Rising More Slowly

Latest solo record by the UK guitarist Mike Cooper is Playing With Water (ROOM40 RM4117). We have heard this exceptional fellow before on a couple of records for Linear Obsessional, which were more or less in the area of free improvisation, representing Cooper’s maverick take on the genre resulting in largely uncategorisable and very discursive free playing, where even traces of his folk and blues roots were hard to discern. There was also White Shadows In The South Seas, also released on Room 40, which exhibited Cooper’s long-standing love affair with the Pacific area and Philippine Islands, an instrumental album which it was possible to align with the 1950s exotica of Martin Denny and Les Baxter.

Today’s record might appear to be in the same vein at first gazoon, but in fact there’s a more troubling theme underpinning it – the threat of global warming.
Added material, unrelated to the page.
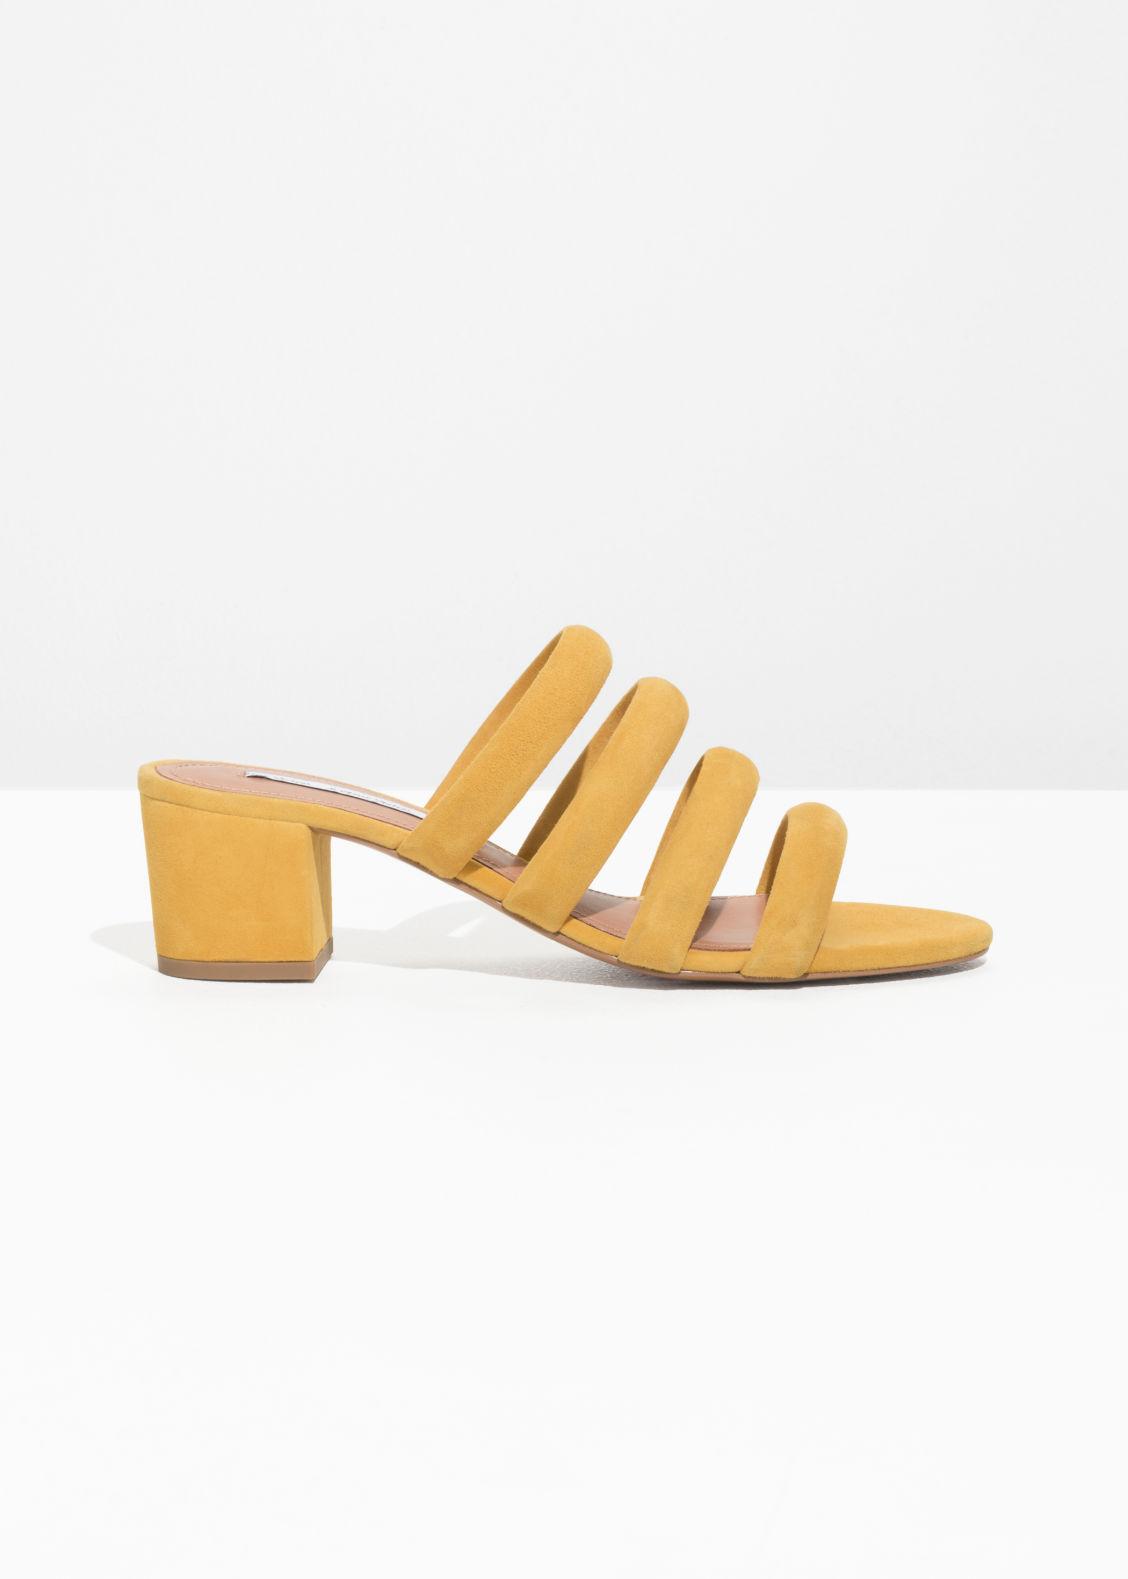 Venta con tarjeta de crédito & OTHER STORIES Heeled Suede Four Strap Sandal - Yellow Footlocker Finishline Proveedor más grande en línea barato Manchester en línea OagwyYGizA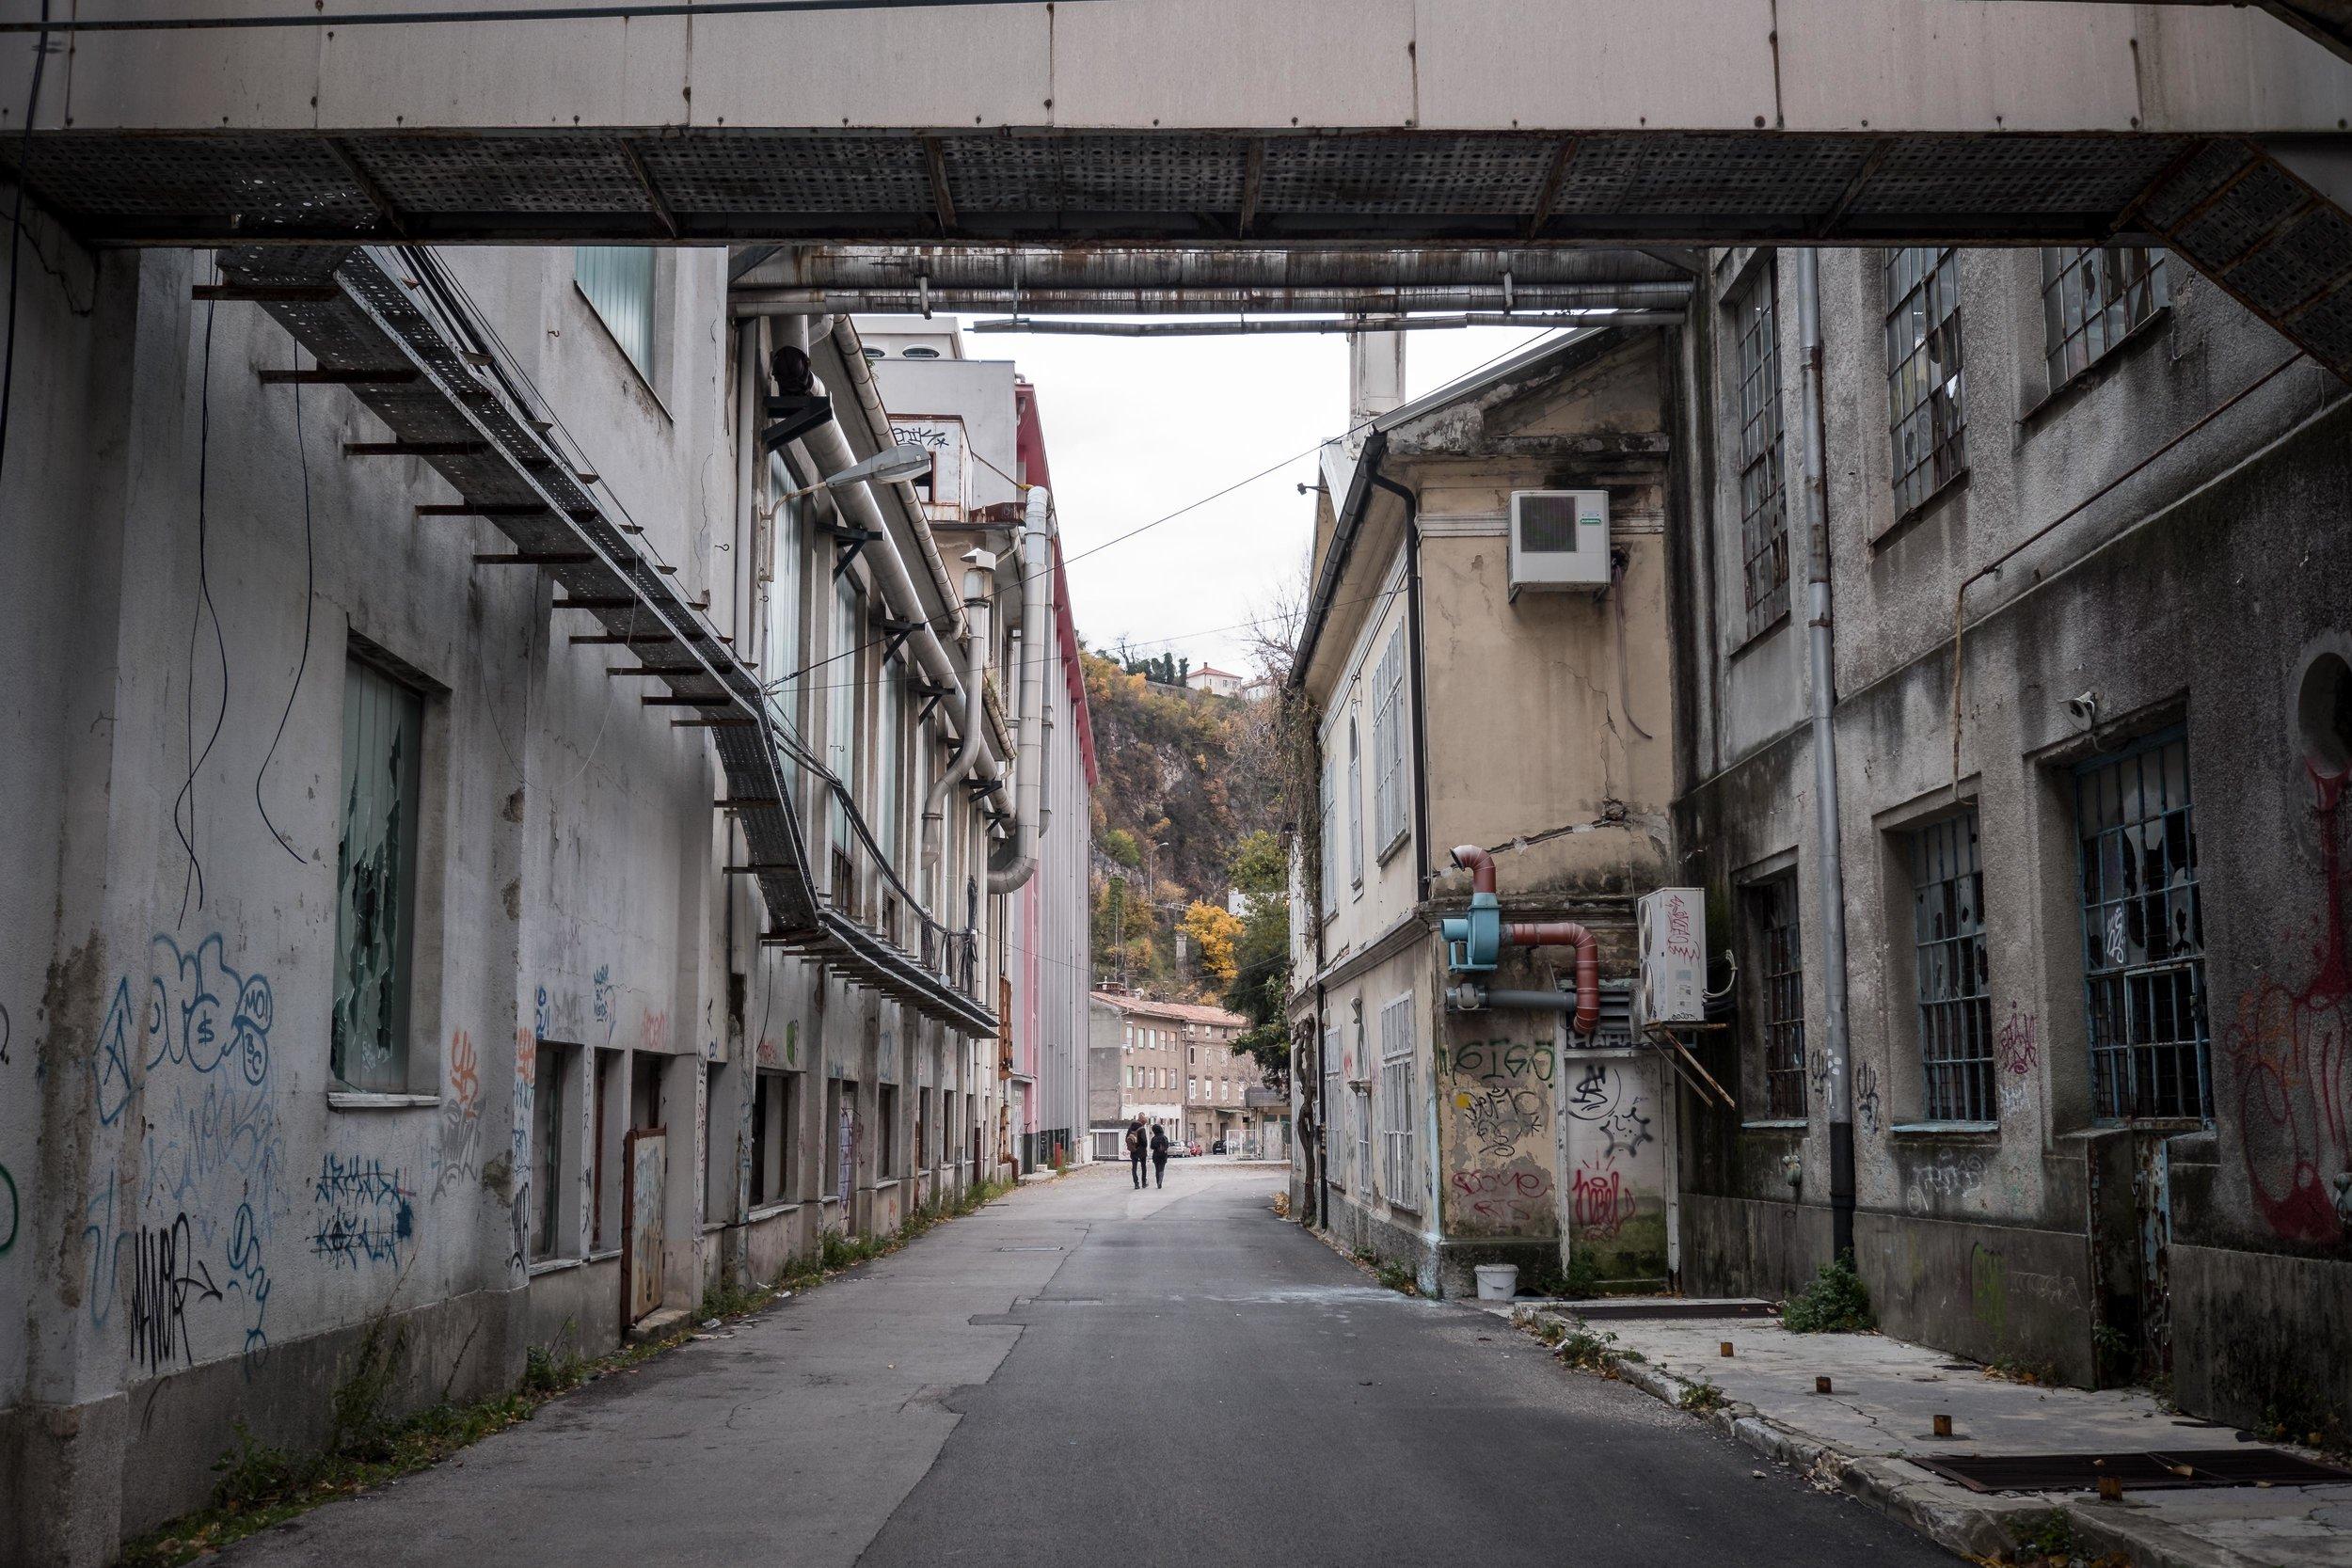 Rijeka industrial architecture4-8.jpg

It’s a topic that’s been preying on Mike Cooper’s mind for over 20 years now, and if you want to trace its lineage, you could do worse than start with the 1999 album Kiribati which he self-released on his Hipshot CDR label. It was explicitly dedicated to the people of that nation in the Pacific Island, as he shared their concern with rising sea levels which affected their low-lying homesteads. Since then Cooper has not only travelled extensively around the Pacific, South-East Asia and the Caribbean, he’s released six other records lamenting this ecological disaster-in-waiting, and Playing With Water makes the seventh; his sleeve notes refer to numerous other parts of the world facing flooding and storms, brought about by melting icecaps and changes in the weather, and there are pessimistic track titles such as ‘The Drowned World’ and ‘Wetropolis’ to drive home the message. That last one refers to a vision of the future where we’re all living on islands, in a kind of Kevin Costner Waterworld fantasy come true.

We also ought to add that Cooper was directly inspired by the works of the Australian travel writer James Hamilton-Paterson, who wrote a book of this title in 1987. Thus, while it’s possible to enjoy this record as a set of subdued and limpid instrumentals, there’s no escaping the ecological message which informs its somewhat melancholy and rue tone. Cooper’s guitar style is influenced by Hawaiian guitar styles and lap steel playing, but he takes it in such an unexpected direction that these influences are just the starting point. There may also be occasional keyboards added to enhance the delicate mood; there are certainly field recordings, drawn from a number of geographic locales, which Cooper points out are “all places that can look forward to or are already witnessing the Postdiluvian Future”. The field recordings work especially well on ‘Bankocalypse’, producing a sonically rather dense collage that’s more than just music, more than just an audio snapshot, and it evokes a very unhappy picture of the future we are creating for ourselves.

I admire the way Cooper makes his points with any sermonising or political bias, nor is there any need to adopt a shrill tone or froth with hysterical urgency. This is a vinyl release; there was an edition pressed in clear vinyl with a blue aqua swirl. Very good. From 19th October 2020.